L’ensemble du bâtiment sera revu par Stéphanie Canellas, architecte de l’Atelier Isshin, alors que cet ancien Hôtel de la Couronne a souvent été retouché, mais jamais avec une telle ambition. L’entrée du public prendra place rue de la Poulaillerie et un ascenseur sera construit dans la cour.

Une problématique internationale


Première bonne nouvelle : à l’issue des travaux, le musée sera rebaptisé d’un nom - encore inconnu - plus aguicheur et moins ampoulé que l’actuel. Seconde bonne nouvelle : tout le parcours permanent sera repensé et fluidifié. Mais c’est aussi sur ce point qu’il faut s’interroger.

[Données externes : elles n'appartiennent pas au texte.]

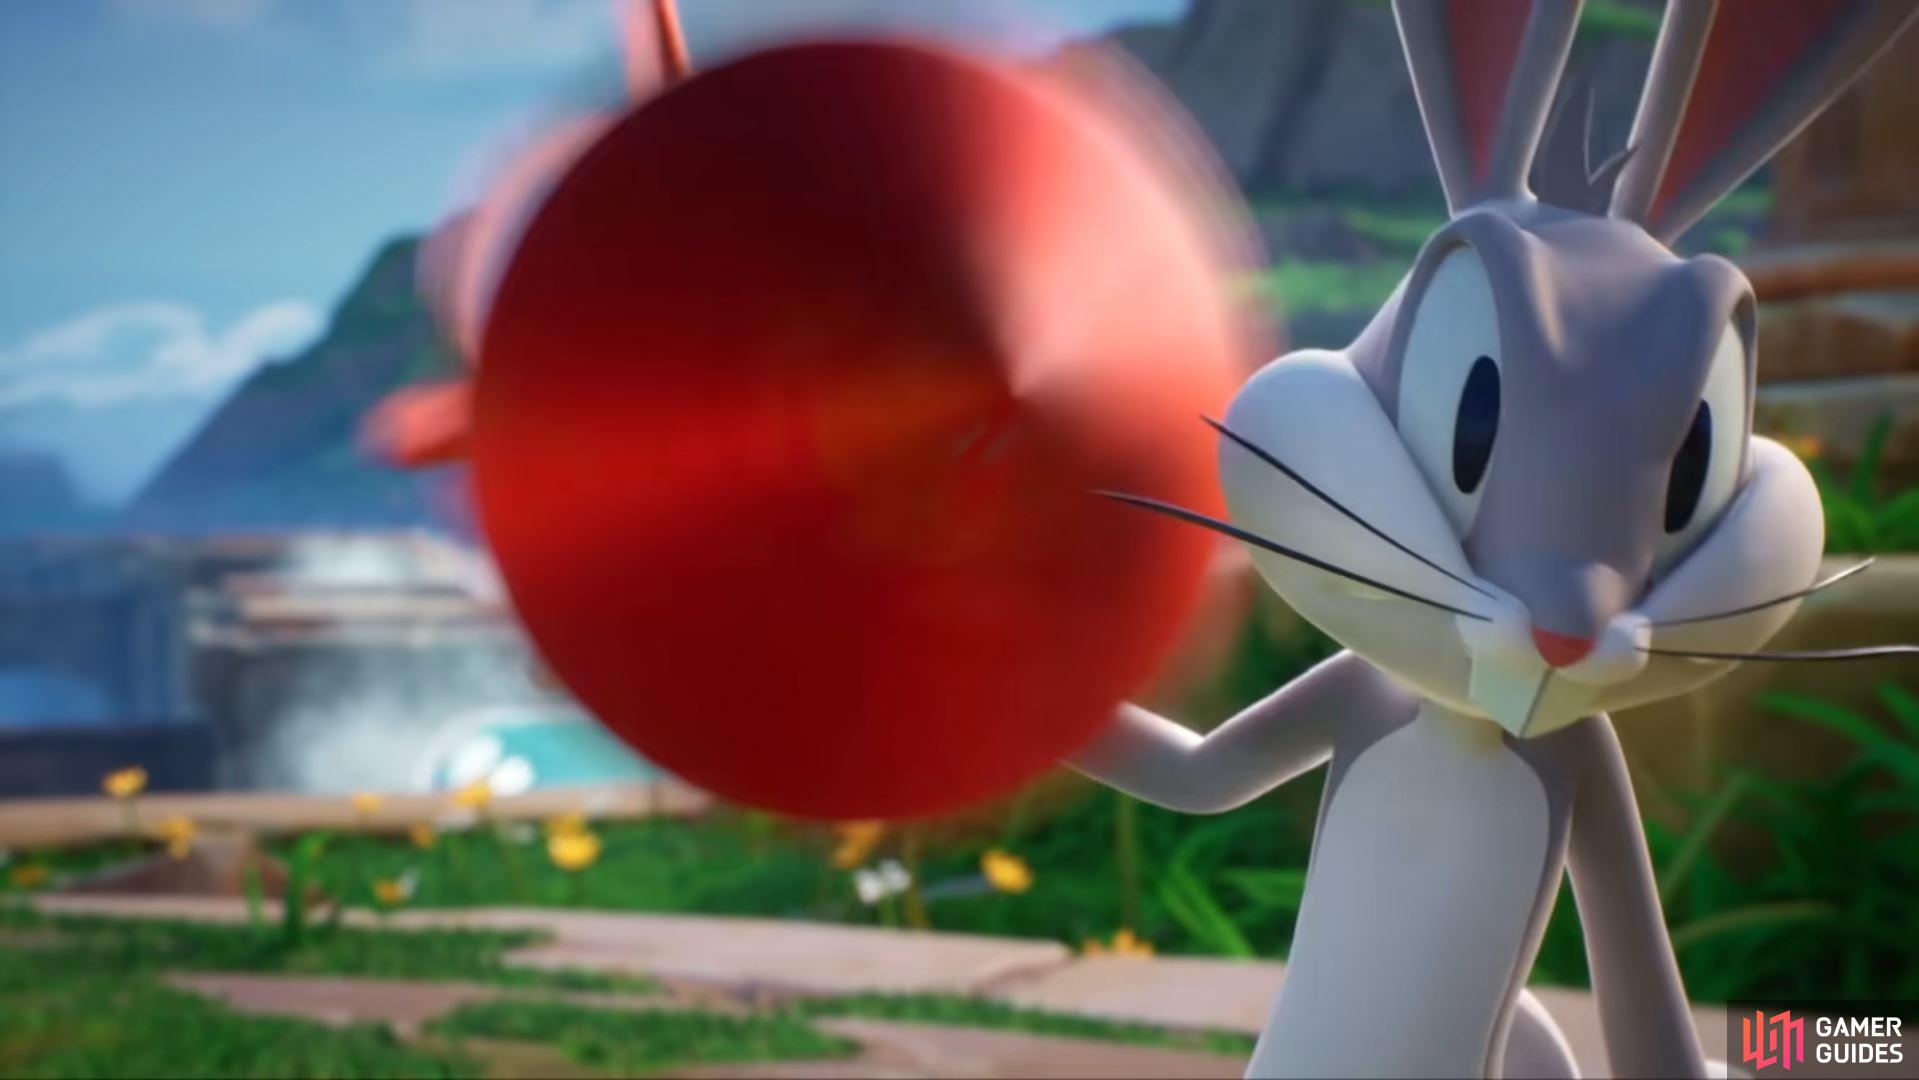 Bugs wants everything cooldown-related thanks to his rockets taking some time to come back. Image via Warner Brothers.

Le dernier parcours permanent d’un musée de la Ville à avoir été modifié, c’est celui du musée d’Histoire de Lyon, à Gadagne ; une refonte ayant provoqué pas mal de remous, à raison : on reste encore estomaqué par certains choix. L’ancienne adjointe à la Culture, Nathalie Perrin-Gilbert, l’avait reconnu en conseil municipal et avait convié le comité scientifique de l’exposition à “se réemparer du quatrième parcours (afin d’) apporter une relecture collective pour, peut-être, corriger des éléments manquants ou parfois approximatifs”.

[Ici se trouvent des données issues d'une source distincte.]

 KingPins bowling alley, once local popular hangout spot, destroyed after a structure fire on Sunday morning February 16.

La problématique des refontes de parcours muséaux n’est pas lyonnaise, mais internationale : dans les musées, se joue une bataille idéologique, qui s’est cristallisée en 2019 lors du vote pour une nouvelle définition des musées par l’ICOM, le conseil international des musées.

Une simple proposition de définition de ce qu’est un musée avait déclenché une guerre de tranchées entre tenants d’une ligne historique de ce que sont ces lieux (dont la France) et ceux (les États-Unis et les pays nordiques) qui souhaitaient en faire des “lieux de démocratisation inclusifs et polyphoniques, dédiés au dialogue critique sur les passés et les futurs (...), dépositaires d’artefacts et de spécimens pour la société”, excluant la notion d’œuvre ou d’art.

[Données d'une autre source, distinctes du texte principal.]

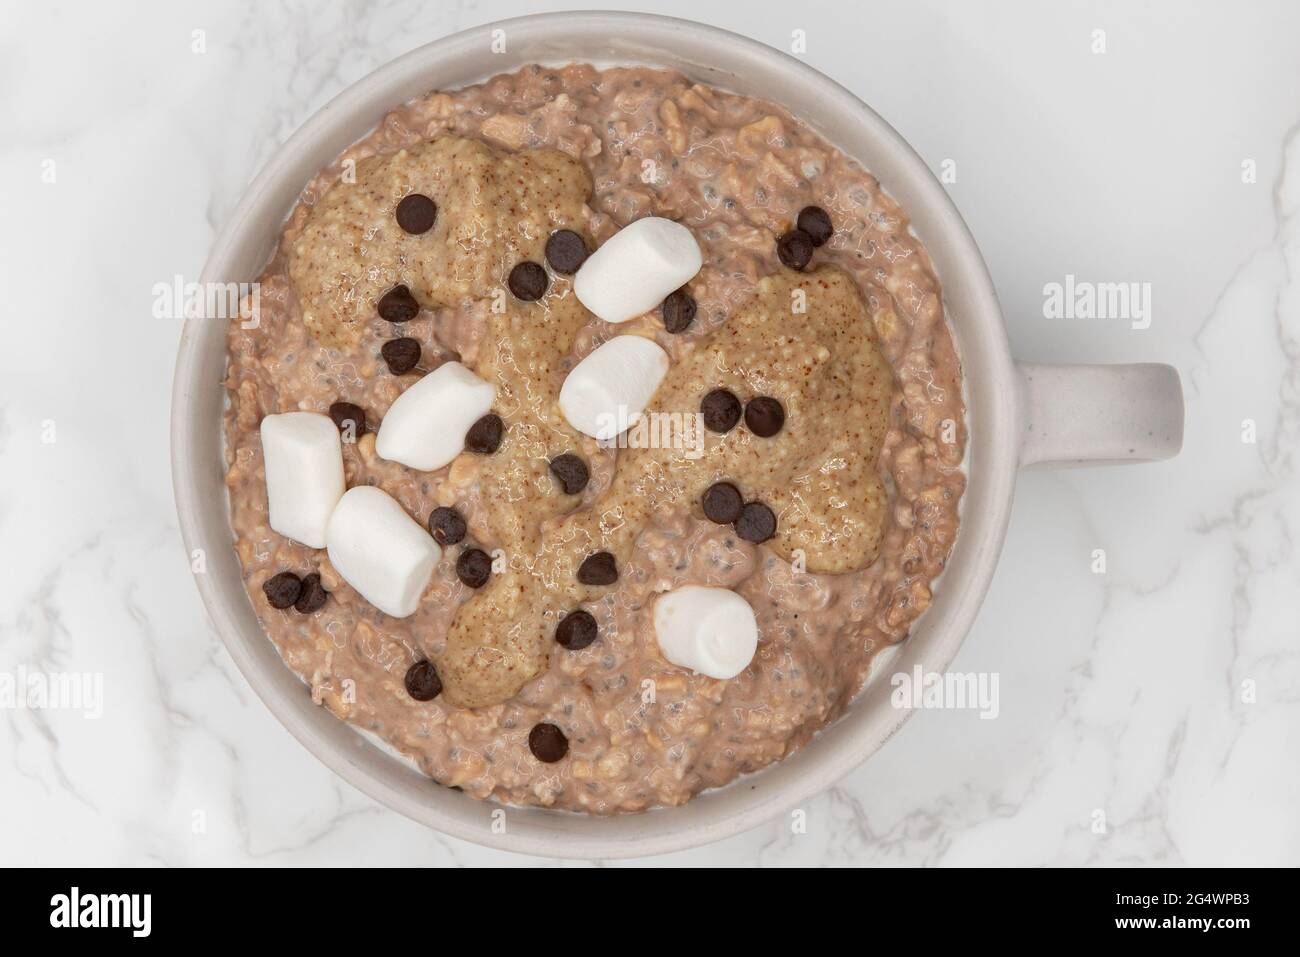 Marshmellows and chocolate chips on top of oatmeal ready to eat in a bowl on the table is a great way to start the day with a good source of fiber and Stock Photo

La question de l’accessibilité


La définition finalement adoptée en 2022 fut plus consensuelle, mais la bataille entre ceux qui pensent que dans un musée prime les collections et ceux qui veulent en faire des endroits où la place du public et des minorités, et le débat sociétal, prédominent, se poursuit. Dans cette logique, Joseph Belletante affirme que le musée ne doit plus "être dominant" et qu’une œuvre originale de Picasso a la même importance qu’une photocopie. Le directeur nous l’explique : “L’intérêt, c’est que tout le monde puisse se sentir participant dans un lieu culturel. C’est vraiment la question de l’accessibilité : jusqu’où on la pense ? Tout le monde doit se sentir vu et regardé, et pas mis à l’écart. Ce n’était pas pour être impertinent que je disais ceci, mais pour dire que c’est ici, dans un musée de l’Imprimerie, que l’on peut penser le multiple et dire que les images se valent. Ailleurs, sans doute pas”.

À Gadagne, à vouloir aller trop loin, le plantage a été magistral. Au musée de l’Imprimerie, Joseph Belletante a fait preuve d’une grande rigueur scientifique.

Sa politique d’expositions temporaires et l’assimilation de la pop culture ont dynamisé la fréquentation et l’intérêt autour de son musée. Les expositions Warhol et Miyazaki, avec des angles finement choisis, ont été des succès indéniables. Celle consacrée à Susan Kare, la créatrice des logos Mac, salvatrice.

Mais déjà pointait un défaut que l’on n’aimerait pas voir trop se répandre dans le futur musée : ce goût pour les scénographies pour le moins iconoclastes, avec des bouts de scotchs et des photocopies en guise d’œuvres. À trop chercher l’accessibilité, on dénature l’expérience : un musée n’est pas une kermesse d’école.